Activity ->
Copy exactly, line for line, the part of the listing from the line containing "Picture of sad" through its last line, and nothing else.

Records to use ->
╭──
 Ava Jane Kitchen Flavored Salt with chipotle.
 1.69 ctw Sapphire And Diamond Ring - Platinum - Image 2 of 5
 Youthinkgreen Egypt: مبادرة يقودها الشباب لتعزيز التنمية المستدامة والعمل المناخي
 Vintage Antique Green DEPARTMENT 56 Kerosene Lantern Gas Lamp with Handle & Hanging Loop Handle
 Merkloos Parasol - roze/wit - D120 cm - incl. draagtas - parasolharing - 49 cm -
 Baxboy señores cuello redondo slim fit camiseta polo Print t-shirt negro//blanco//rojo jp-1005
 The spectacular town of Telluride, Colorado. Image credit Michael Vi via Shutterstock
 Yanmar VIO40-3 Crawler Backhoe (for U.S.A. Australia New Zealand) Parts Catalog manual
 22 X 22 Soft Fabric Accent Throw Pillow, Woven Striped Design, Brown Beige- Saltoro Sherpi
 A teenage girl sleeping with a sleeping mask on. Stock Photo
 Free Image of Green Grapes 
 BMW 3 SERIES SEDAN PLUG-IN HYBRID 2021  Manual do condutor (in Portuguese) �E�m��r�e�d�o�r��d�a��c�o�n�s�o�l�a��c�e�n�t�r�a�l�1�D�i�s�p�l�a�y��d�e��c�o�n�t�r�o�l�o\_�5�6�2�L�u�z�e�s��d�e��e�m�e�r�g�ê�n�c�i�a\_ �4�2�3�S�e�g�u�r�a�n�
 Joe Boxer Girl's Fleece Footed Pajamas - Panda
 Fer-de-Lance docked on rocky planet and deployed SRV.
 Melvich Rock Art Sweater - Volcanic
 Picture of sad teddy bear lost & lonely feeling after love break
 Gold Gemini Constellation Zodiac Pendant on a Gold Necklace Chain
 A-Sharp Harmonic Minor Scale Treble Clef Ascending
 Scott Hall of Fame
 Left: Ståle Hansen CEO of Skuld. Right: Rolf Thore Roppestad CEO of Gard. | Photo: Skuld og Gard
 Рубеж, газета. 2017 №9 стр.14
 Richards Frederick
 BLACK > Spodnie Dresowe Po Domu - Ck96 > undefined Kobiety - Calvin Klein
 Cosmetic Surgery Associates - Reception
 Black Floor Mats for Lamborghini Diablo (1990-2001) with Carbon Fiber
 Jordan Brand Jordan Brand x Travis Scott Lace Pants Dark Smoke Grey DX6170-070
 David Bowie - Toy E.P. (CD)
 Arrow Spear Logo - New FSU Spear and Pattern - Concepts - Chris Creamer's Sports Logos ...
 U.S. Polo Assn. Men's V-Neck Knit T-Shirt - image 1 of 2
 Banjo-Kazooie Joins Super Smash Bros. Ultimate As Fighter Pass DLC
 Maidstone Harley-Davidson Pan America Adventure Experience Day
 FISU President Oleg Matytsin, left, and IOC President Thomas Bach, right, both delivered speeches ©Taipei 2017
╰──
Task output ->
 Picture of sad teddy bear lost & lonely feeling after love break
 Gold Gemini Constellation Zodiac Pendant on a Gold Necklace Chain
 A-Sharp Harmonic Minor Scale Treble Clef Ascending
 Scott Hall of Fame
 Left: Ståle Hansen CEO of Skuld. Right: Rolf Thore Roppestad CEO of Gard. | Photo: Skuld og Gard
 Рубеж, газета. 2017 №9 стр.14
 Richards Frederick
 BLACK > Spodnie Dresowe Po Domu - Ck96 > undefined Kobiety - Calvin Klein
 Cosmetic Surgery Associates - Reception
 Black Floor Mats for Lamborghini Diablo (1990-2001) with Carbon Fiber
 Jordan Brand Jordan Brand x Travis Scott Lace Pants Dark Smoke Grey DX6170-070
 David Bowie - Toy E.P. (CD)
 Arrow Spear Logo - New FSU Spear and Pattern - Concepts - Chris Creamer's Sports Logos ...
 U.S. Polo Assn. Men's V-Neck Knit T-Shirt - image 1 of 2
 Banjo-Kazooie Joins Super Smash Bros. Ultimate As Fighter Pass DLC
 Maidstone Harley-Davidson Pan America Adventure Experience Day
 FISU President Oleg Matytsin, left, and IOC President Thomas Bach, right, both delivered speeches ©Taipei 2017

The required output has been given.